Emergency department visits among patients with left ventricular assist devices
Continuous-flow left ventricular assist devices (LVADs) are increasingly implanted to support patients with end-stage heart failure. These patients are at high risk for complications, many of which necessitate emergency care. While rehospitalization rates have been described, there is little data regarding emergency department (ED) visits. We hypothesize that ED visits are frequent and often require admission after LVAD implantation. We performed a retrospective review of patients in our health-care system followed by the advanced heart failure service for LVAD management after implantation between January 2011 and July 2015. We accounted for all ED visits in our system through February 2016, 7 months after the last implantation included. Clinically relevant demographic variables and ED visit details were recorded and analyzed to describe this population.
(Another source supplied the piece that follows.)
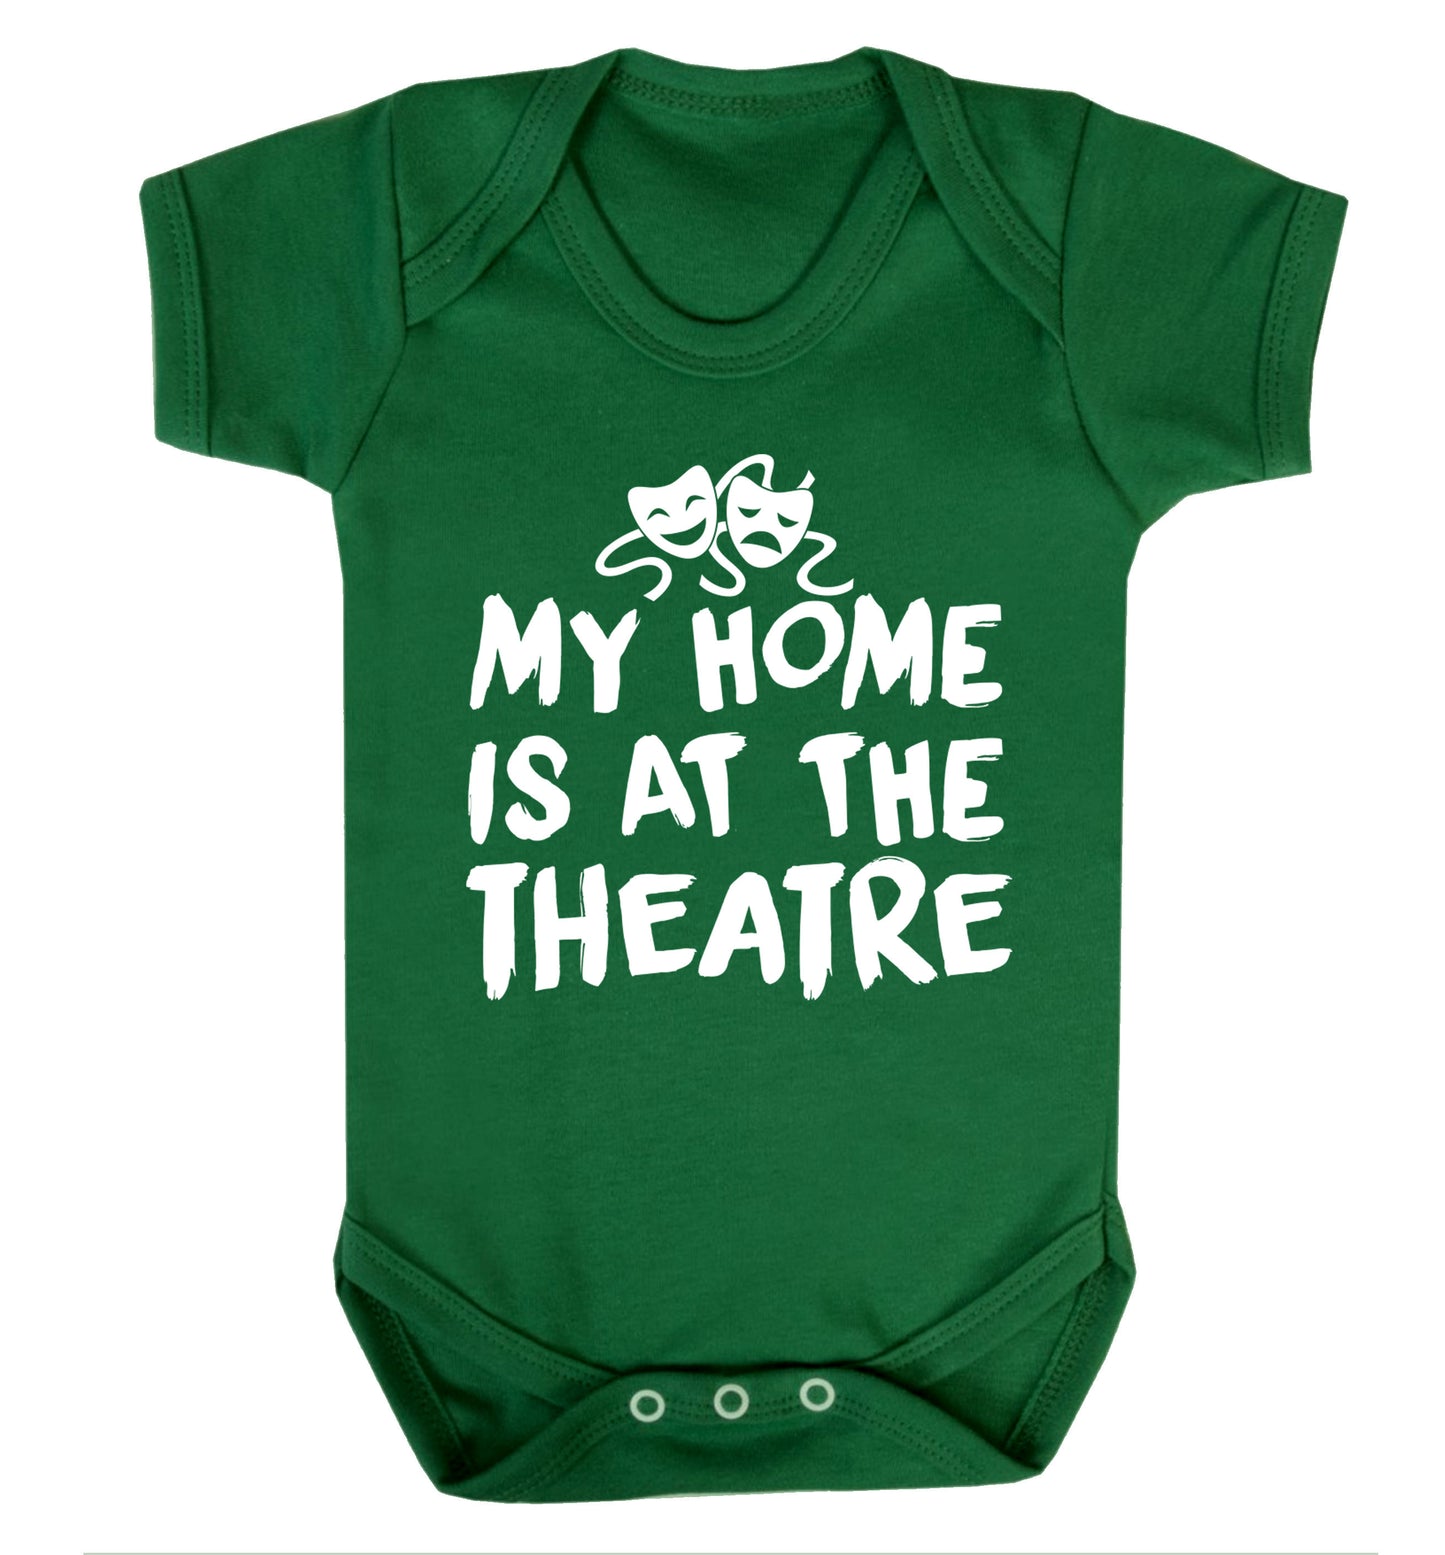 My home is at the theatre Baby Vest green 18-24 months

We identified 81 patients with complete data, among whom there were 283 visits (3.49 visits/patient), occurring at a rate of approximately 7.3 ED visits per patient per year alive with LVAD. The most common reason for an ED visit is a complication related to bleeding (18% of visits), followed by chest pain (14%) and dizziness or syncope (13%). Thirty-six percent of patients were discharged from the ED without hospital admission. A growing populace with implanted LVADs represents an important population within emergency medicine. They are at risk for significant complications and frequently present to the ED. While many of these visits may be managed without hospital admission, this specialized patient group represents a potential area for improvement in provider education.